Кто-то из его спутников рассмеялся. Бондарь все это понял по-своему и весело заулыбался.
– Тоже подставной? – легонько хохотнув, спросил он. – Эта шпана, полковник Рубасов, три штуки комиссаров Кобзиных, шкура, исделал. – Бондарь протянул человеку с бородкой руку. – Здорово, тезка!
Но тот ему руки не подал.
– Нет, я не подставной, я настоящий. Два подставных уже арестованы, ты третий. Руки вверх! – приказал он. На Бондаря и Юрочку в упор глянули винтовки красногвардейцев. – Ни о места! Маликов, забери у них оружие.
Поняв, что сопротивление бесполезно, Бондарь охотно отдал Семену свой маузер.
– Хорошая машина, – непринужденно сказал он.
– Пожары – ваше дело? Жгли? – спросил Кобзин.
Бондарь покашлял в кулак.
– Боже упаси! Мы работаем по золоту!
– Красные банты нацепили, – не скрывая ненависти, сказал Кобзин. – Посдирайте с них! Завтра вас ревтройка судить будет. Расстреливать таких надо без жалости.
– За что, товарищ комиссар? – вдруг поняв, насколько опасно его положение, взмолился Бондарь. – Мы же ничего, поверьте совести! Нас выпустили за это самое...
– А вы рады стараться? – И, отыскав глазами Василия, Кобзин спросил: – Они? О них ты говорил?
– Как перед богом! – Василий перекрестился.
– Гад! Га-ад! – неожиданно завопил настороженно озиравшийся Юрочка и кинулся на Василия. Юрочку схватили несколько крепких рук. Тогда он упал на пол, стал биться всем телом и орать во весь голос: – Я псих! Я припадошный!
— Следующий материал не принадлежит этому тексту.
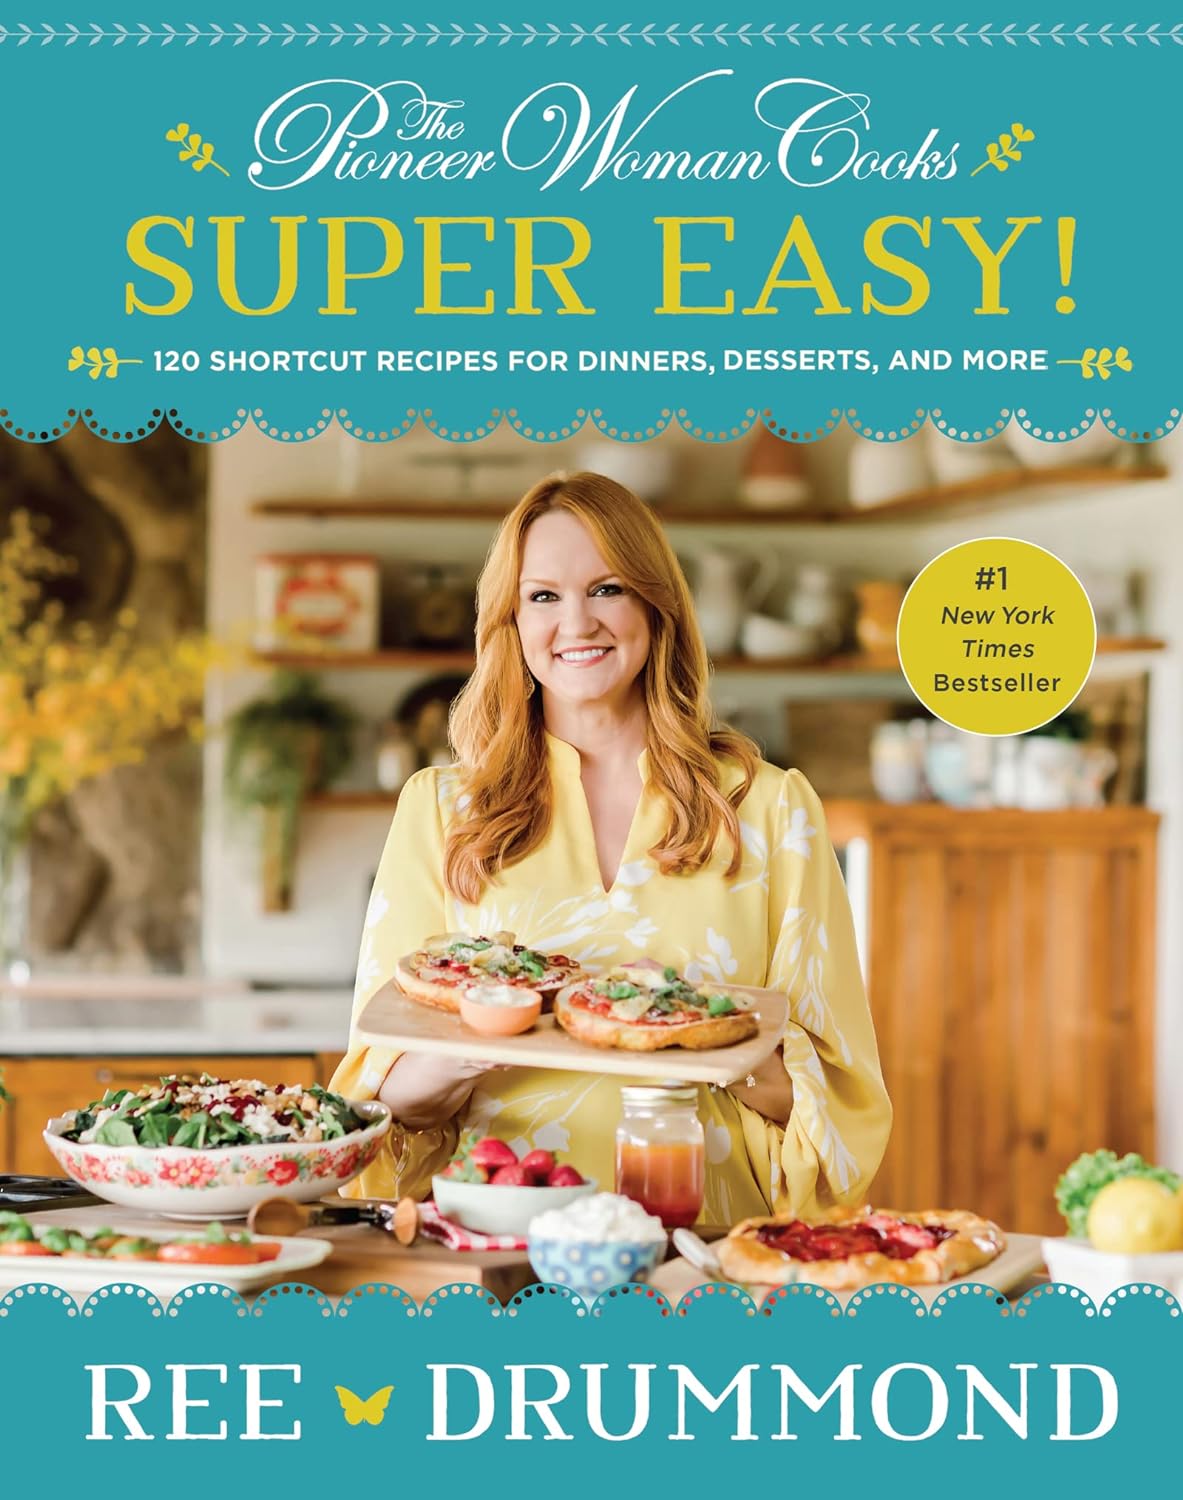 384 Pages - The Pioneer Woman Cooks Super Easy! Cookbook: 120 Shortcut Recipes $11.57 + Free Ship w/Prime or on orders $35+

К нему метнулся Бондарь и, изловчившись, обеими руками вцепился в волосы.
– Падло! – скрипнув зубами, крикнул он. – Вставай!
Юрочка всхлипнул и покорно поднялся.
– Не дрожи, падла, будь человеком, – снова прикрикнул на него Бондарь. – Советская власть никого не обижает.
Приказав увести бандитов, Кобзин спросил у Семена, где хозяйка, и тут же увидел Надю. Она стояла на верху лестницы, обеими руками опершись на перила, вся подавшись вперед, и, казалось, готова была разрыдаться. Позади нее, все еще с винтовкой, стоял Обручев.
Семен Маликов кинулся к ним и, взяв обоих за руки, повел вниз к Кобзину.
– Вот она, Петр Алексеевич, Надя Корнеева. А это – тот самый студент Сергей Шестаков.
– Здравствуйте, – сказал Кобзин и пошел навстречу. Он протянул Наде руку, она хотела было подать свою, но вместо этого прижала ладони к лицу, чтобы скрыть вдруг покатившиеся слезы.
– Надя, Надь, ты что? – забеспокоился Семен. – Теперь все! Это же наши. Понимаешь?
Надя вытерла по-детски, кулаками, слезы и обратилась к Кобзину:
– Возьмите меня к себе.
– В отряд?
– Да.
– Такую кислую? – пошутил он и, посерьезнев, продолжал: – Успокойся, успокойся, дружок... Не плачь. Слезой дорожить надо, она много стоит. А насчет отряда – подумаем. Ты твердо решила? У нас жизнь тревожная и опасная.
– Я не из нежных.
– Знаю, мне Маликов о тебе рассказывал. Не обижайся на мои слова: нам действительно сейчас трудно, очень трудно. Не каждый сможет выдержать. Вот и хочется, чтоб человек знал, на что идет, чем рискует.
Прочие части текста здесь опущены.